Уродец-скелет дёргался на полу. Длины в нём было уже больше метра. Колотил копытами по плиткам, рычал. Но лишь извивался на месте. Люди приходили в себя. Кто-то вызывал скорую. Пострадавший опер, гулко булькая, пил из горлышка графина, вынесенного доброхотами. Пожилого охранника перевязывали.
— Кто это было? — Подшивалов почти владел голосом. — И чем вы его?
— Зубом. Собственным. Давно шатался, доктора этого не лечат, — Медоедов оттирал испачканный подбородок большим клетчатым носовым платком, — а Кощея зуб человечий хотя бы кратковременно оглушает.
— Ко… го? — голос у следователя дал петуха, из извилин словно всё вынесло. Однако опомнился быстро — как горячим окатило: — Это вещдок или… — решимости хватило на пару секунд, дальше опять застрял.
— Это Кощей Бессмертный, птенчик Кощея, — раздельно и ласково пояснил Медоедов, даже не адвокатским, а учительским тоном, будто разговаривал с безнадёжным умственно-отсталым, — и лучше всего будет, если вы распорядитесь запереть его в кладовую для вещественных доказательств. Могу помочь, пока на нём цепь, он не вырвется.
Следователь настолько выпал из равновесия, что послушался адвоката. Позвал приставов. Кощей лязгал зубами, звенел чешуёй на груди, выкрикивал «кры-кшы-быгырскы», что адвокат истолковал как «кровушки богатырской», но его подняли, понесли, водворили в кладовку.
— За цепочку, за железное, — наставлял вдогонку Медоедов.
— Пройдёмте! — выпрямился Павел Андреевич, не в силах снести откровенного командирства поверх его головы.
— Да-да. Нам многое нужно выяснить. Кто яйцо инкубировал, хотя бы. Тут ведь достаточно несколько часов в руках или нагрудном кармане, дальше само.

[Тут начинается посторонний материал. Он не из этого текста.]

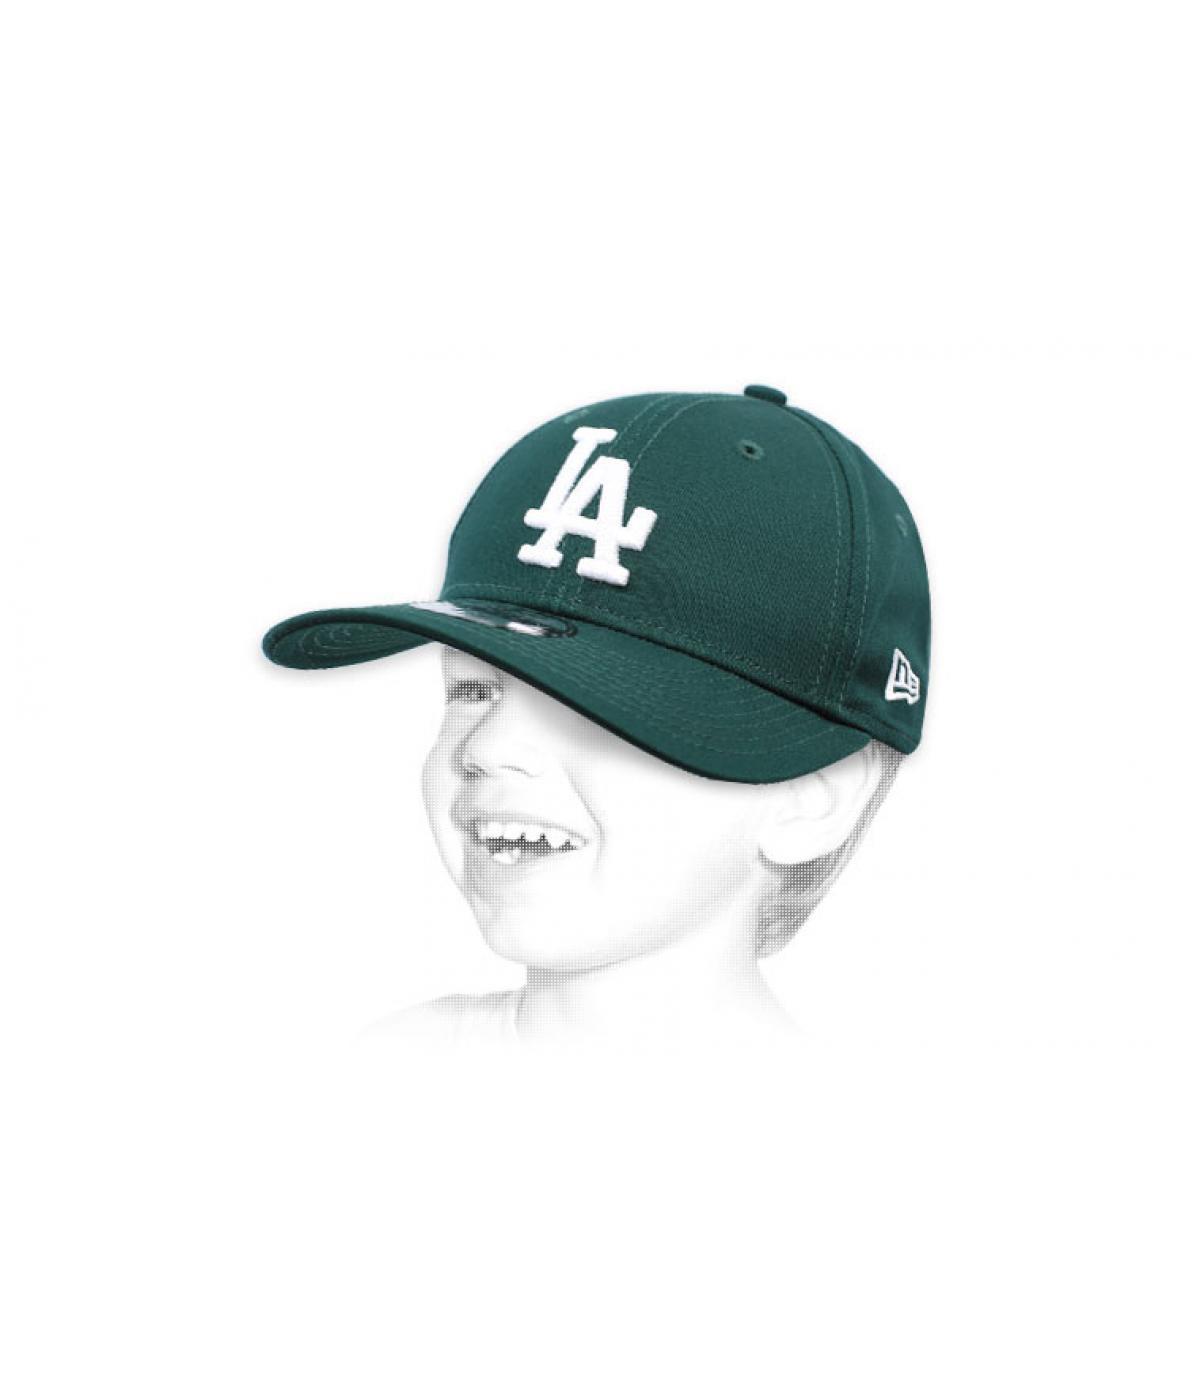 Kinder Cap LA grün

— И вы тоже! — вскипел Подшивалов, тыча пальцем в сторону молодого Табашкина.
Открывал и закрывал двери, нашёл, наконец, пустой кабинет:
— Вы — сюда! А вы, — развернулся к адвокату, — за мной!
— Погодите, — убедительный, актёрский жест, — так не пойдёт. Нам с вами нужна, насколько я понимаю, мадмуазель Элеонора. И обязательно вместе с Олегом Платоновичем, это второй полюс, в его присутствии возможен взаиморазряд.
Подшиваловская квадратная челюсть отвисала всё более. Галиматья-то какая.
— Этот кабинет ваш? — и адвокат устремился в открытую дверь. — Руками не буду, не беспокойтесь. О-о, — донеслось от стола, — даже фрагменты волновода уцелели. Иголочки, попросту…
— Не сметь распоряжаться! — из последних силёнок сопротивлялся Подшивалов.
Здание областного святилища юриспруденции вдруг огласилось воем. Скрежетом. Надрывным нелюдским плачем. У следователя зачесалось внутри щёк — так зубы завибрировали. И коленки застучали друг о друга. А следом раздался молодой голос:
— Ростислав Мелентьич, вы где? Царапается, чудила!
Рыдания и взвывы приближались. Наконец в кабинет ввалился молодой Табашкин, порядком растерзанный, волоча за одежду бабу-ягу. Больше никак было не назвать. Только чёрно-пронзительные глаза и остались от мадмуазель Мальдред, да элегантный кардиган. И тот лопнул на спине, и в прореху лезли чёрные лохмотья, дыбясь горбом. Растрепались, посерели, встали жёстко волосы. Лицо прорезали морщины, подбородок и нос тянулись друг к другу как две половинки щипцов. Или клюва. Двигалась она вприпрыжку, руки жёлто-мумифицированной хваткой вцепились в полы кардигана, пытаясь вырвать материю из рук Табашкина.
Подшивалов шарахнулся, даже Медоедов отпрянул. С треском рвущейся тряпки баба-яга выдралась из кардигана. Чёрный косматый горб развернулся в крылья. Размахом во весь кабинет.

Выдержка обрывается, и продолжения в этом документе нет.